Again: the real problem with downloading is not finding new things, it is keeping up with what you get. Start slow and figure out what is important to your bandwidth budget, hard drive budget, and free time budget. Almost everyone fails at this.

Logins

Warning

Never use important accounts with hydrus. Hydrus does not store credentials securely. You can also lose an account if the site suddenly changes their policies and bonks it. If you link an account to hydrus, always use a throwaway account you don't care much about.

This system is ancient, often breaks, and is a hassle deal with! If you need to log in to anything more clever than a completely open booru, copy your cookies across instead with Hydrus Companion or similar!

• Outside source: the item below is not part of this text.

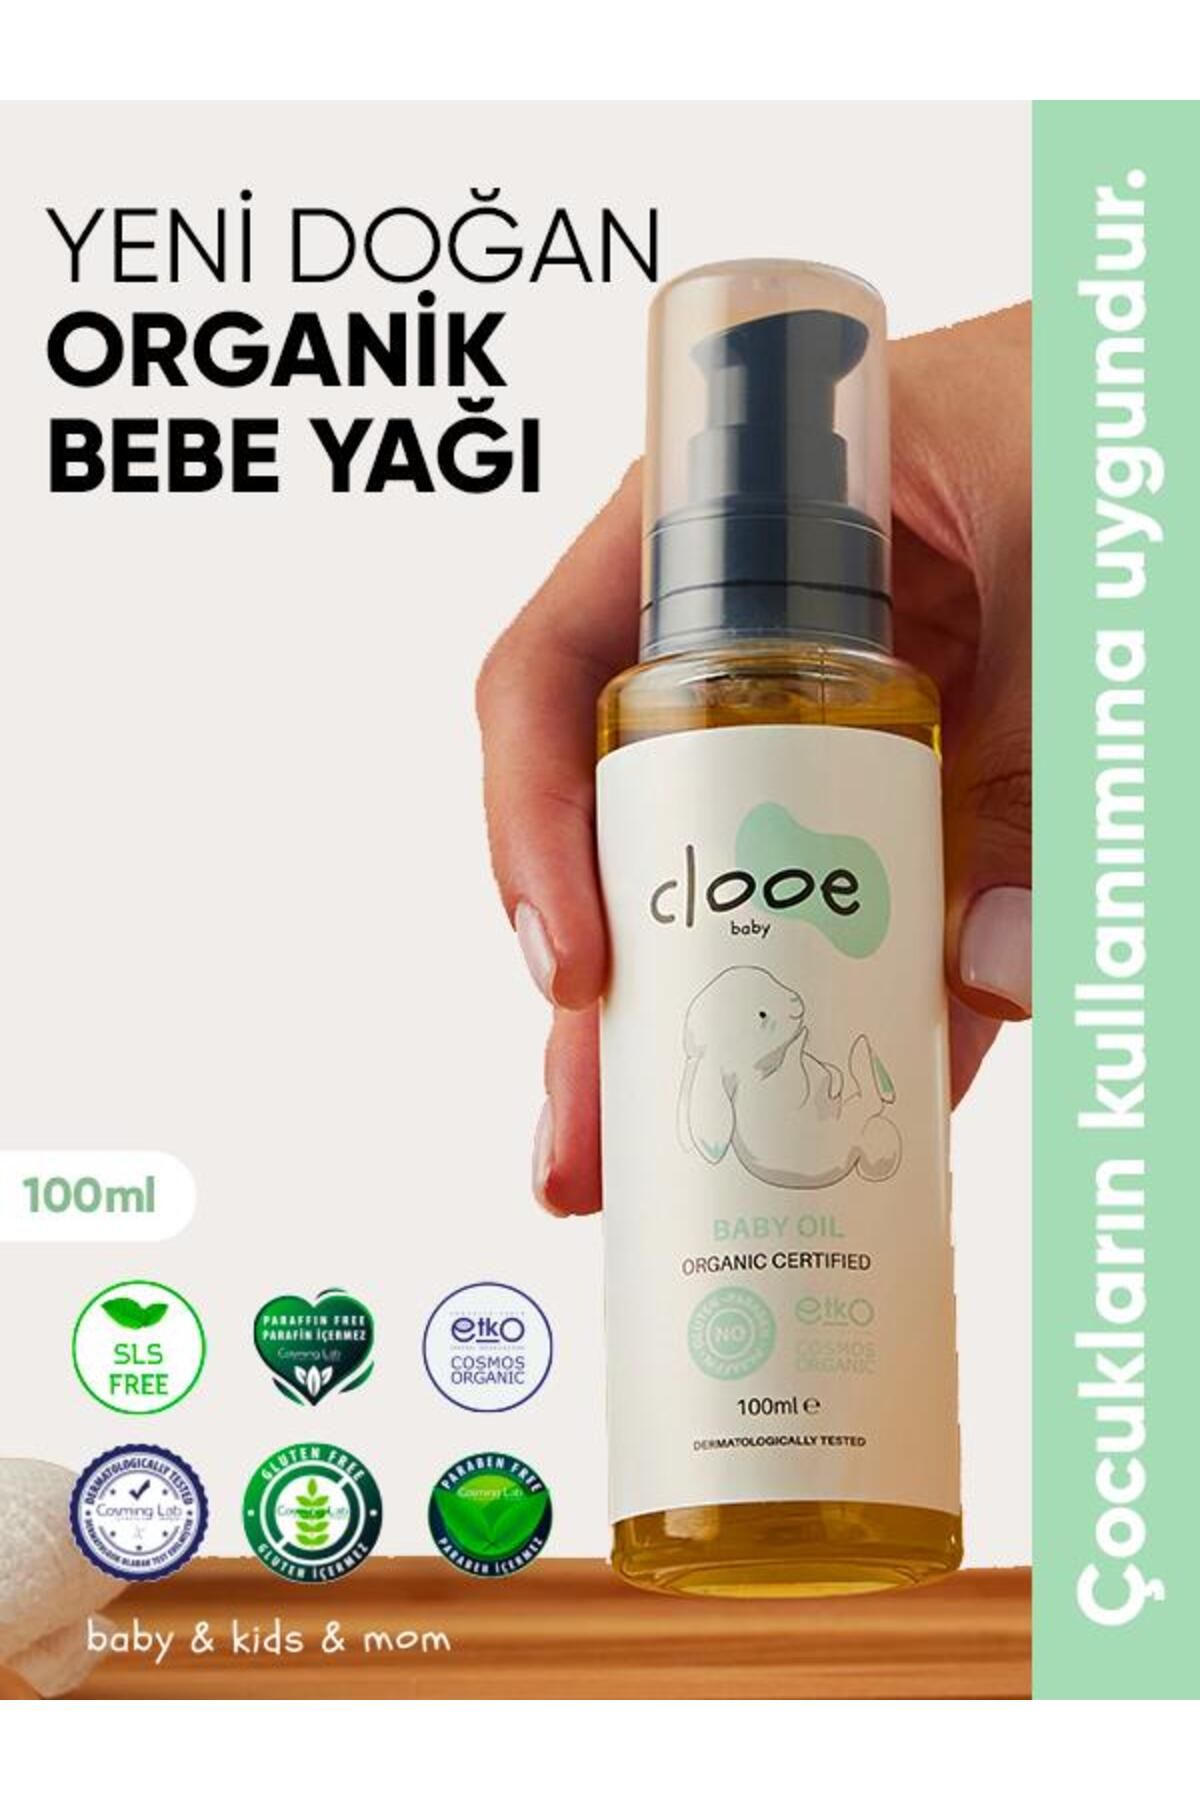 clooe Organik Bebek Yağı (100ML) - Zeytinyağı, Badem Yağı, Jojoba Yağı - Yenidoğan Kullanımına Uygun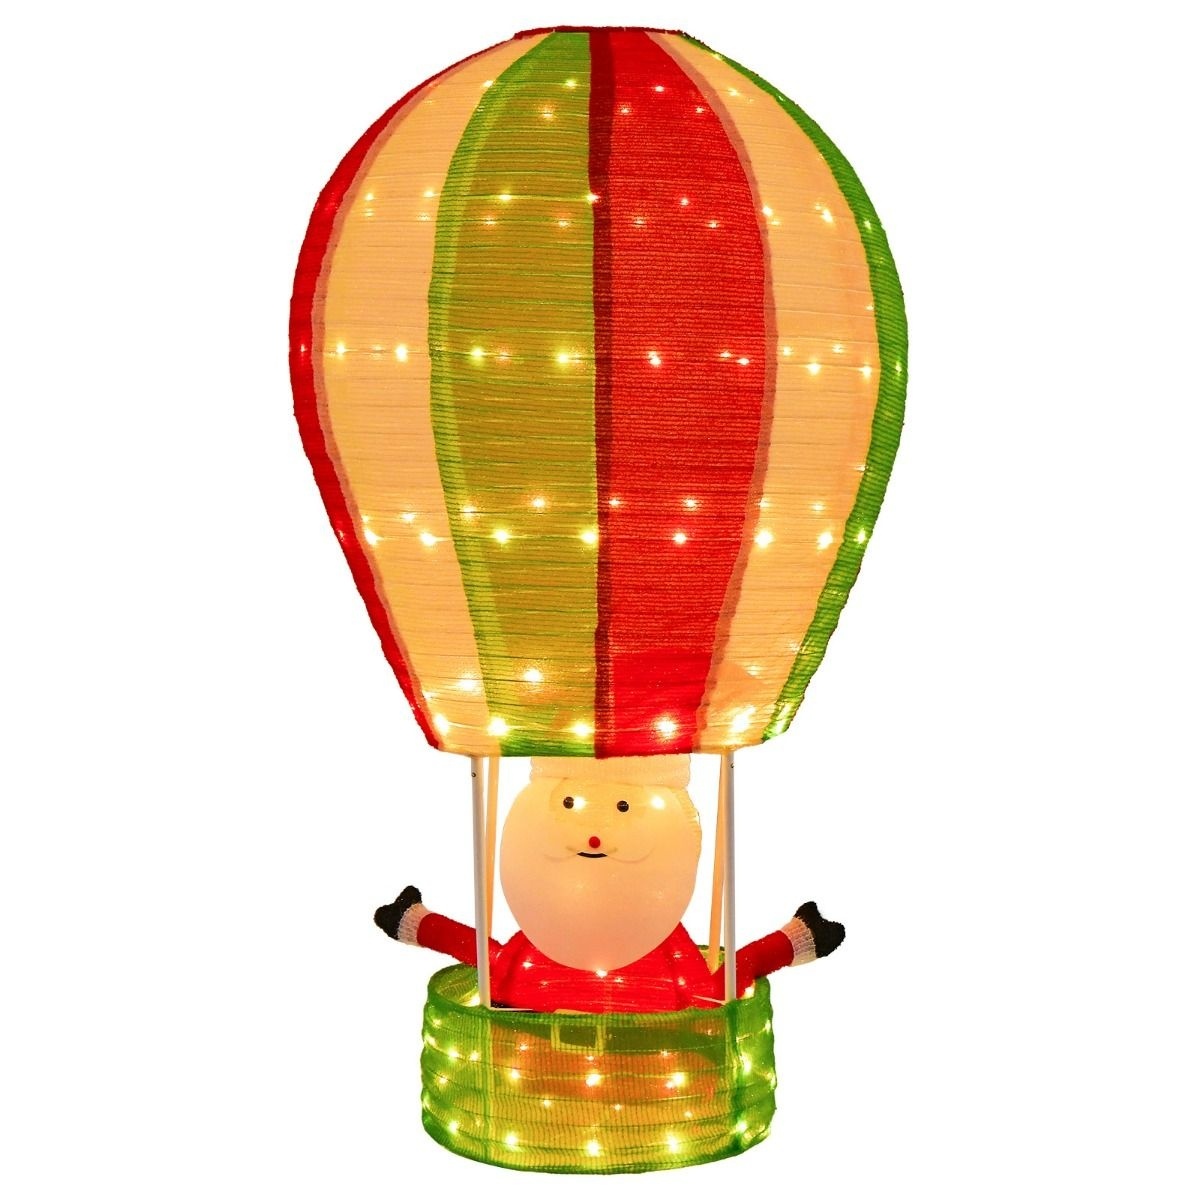 Wunder mit günstig Kaufen-Coast Santa Heißluftballon Weihnachtsdekoration - 135cm. Coast Santa Heißluftballon Weihnachtsdekoration - 135cm <![CDATA[Frohe Weihnachten! Erhellen Sie einfach die Nacht und genießen Sie eine wunderbare Weihnachtsfeier mit unserem Weihnachtsm

The client supports a very basic and ugly login system. It can handle simple sites and is as completely user-customisable as the downloader system. The client starts empty, but a downloader may come with a login script. You can review these under network->logins->manage login scripts and network->logins->manage logins.

Some sites grant all their content without you having to log in at all; others require it for certain content; you may also wish to take advantage of site-side user preferences like personal blacklists.

To start using a login script, select the domain and click 'edit credentials'. You'll put in your username/password, and then 'activate' the login for the domain, and that should be it! The next time you try to get something from that site, the first request will wait (usually about ten seconds) while a login popup performs the login. Most logins last for about thirty days (and many refresh that 30-day timer every time you make a new request), so once you are set up, you usually never notice it again, especially if you have a subscription on the domain.

The login system is not very clever. Don't try to pull off anything too advanced with it. If you would like to login to a site that is too advanced for this, you have several options:

  1. Get a web browser add-on that lets you export a cookies.txt (either for the whole browser or just for that domain) from a browser that is logged in, and then drag and drop that cookies.txt file onto the hydrus network->data->review session cookies dialog. This sometimes does not work if your add-on's export formatting is unusual. If it does work, hydrus will import and use those cookies, which skips the login by making your hydrus pretend to be your browser directly. This is obviously advanced and hacky, so if you need to do it, let me know how you get on and what tools you find work best!
  2. Use Hydrus Companion browser add-on to do the same basic thing automatically. This also gives hydrus the browser's User-Agent header, which some logins or CDN gateways sync to their cookie record.
  3. Use a different downloader system and import to hydrus manually.

Difficult Sites

Some sites are just too complicated for the hydrus downloader engine. In these cases, it can be best just to go to an external downloader program that is specially tuned for these complex sites.

It takes a bit of time to set up these sorts of programs--and if you get into them, you'll likely want to make a script to help automate their use--but if you know they solve your problem, it is well worth it!

  • yt-dlp - This is an excellent video downloader that can download from hundreds of different websites. Learn how it works, it is useful for all sorts of things!
  • gallery-dl - This is an excellent image and small-vid downloader that works for all sorts of places.
  • hydownloader - An advanced Hydrus Client API tool that uses gallery-dl under the hood.
  • imgbrd-grabber - Another excellent, mostly booru downloader, with an UI. You can export some metadata to filenames, which you might like to then suck up with hydrus filename-import-parsing.

With these tools, used manually and/or with some scripts you set up, you may be able to set up a regular import workflow to hydrus (especilly with an Import Folder as under the file menu) and get most of what you would with an internal downloader. Some things like known URLs and tag parsing may be limited or non-existant, but it is better than nothing, and if you only need to do it for a couple sources on a couple sites every month, you can fill in the most of the gap manually yourself.

Hydev is planning to roll out better support for external executables, folding them into the native import workflows, hopefully in 2026™.